I posted on this topic before but it has come up again.  I am running EV and DA 9 SP3.  The number of hits for a search (search criteria is To From only) is greater than the number of items for export.  Does this have to do with the search setting "include items already in review"?  It seems that the "include items already in review" option would produce a hit for items even if they are in review.  So I am trying to figure out why the number of items to export is less than the number of hits.  Is it because of de-duplication?  Is there a SQL query I can run to see what the difference is, de-duplicate or other?

Thanks!!

Operating Systems:

Comments 7 CommentsJump to latest comment

TonySterling's picture

So if you run multiple searches and have the option checked to include items already in review some items be counted as a hit more than once.  In that case, the number of items exported would be less than the number of hits.

Not sure if there is a query but I will take a look to see what I can find.

tmurray1's picture

Thanks for your reply. This case does already have items in review. So it sounds like the hit count can be inflated for subsequent searches and that the true number of items is realized during export.

tmurray1's picture

Okay I can test this by creating a new case and running the same search in that case.
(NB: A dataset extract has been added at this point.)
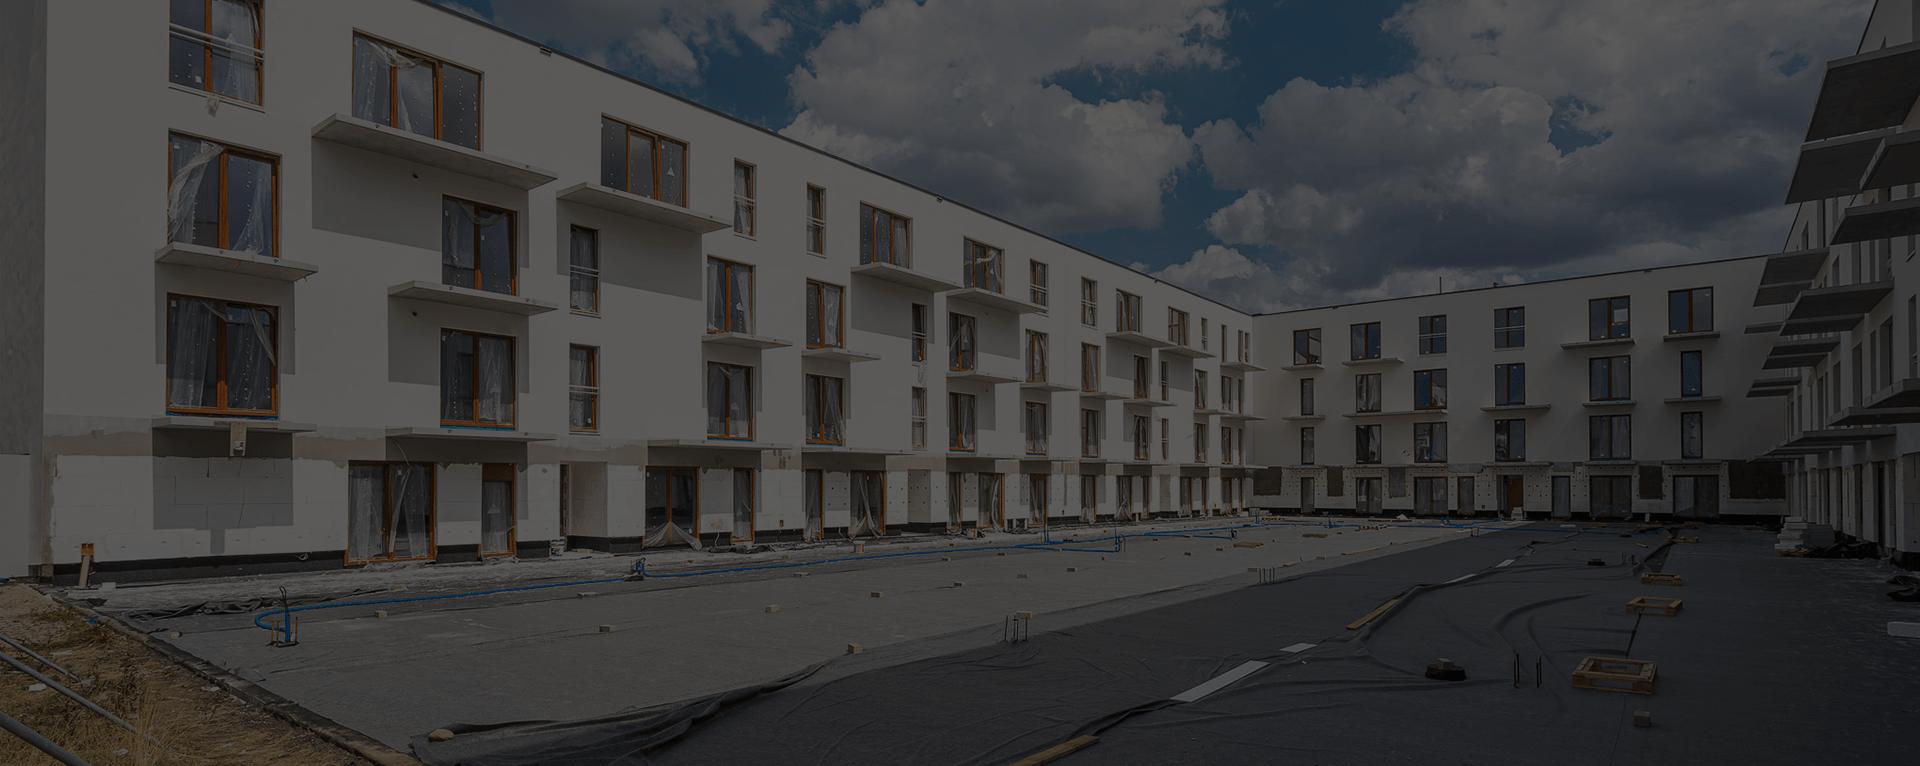 SuperNova - postępy w pracach budowlanych - 1

Hit count should equal export count in other case.

-Tammy

tmurray1's picture

I created a new case and ran the search in that case and found that the search hits are the same for both cases.  I would have to accept the search and then export to compare the number of items for export but I would think that number would be the same as the search hit count.  It seems that counts for subsequent exports change, will alwasy be less than searh hits if item exists in other accepted search.  The end user wants all items exported not the difference between other items already in review or wherever the difference is coming from.  Anyway, I think this behavior is by design and to work around it I would have to create a new case and do the various searches in that case.  It seems like a workflow or business process.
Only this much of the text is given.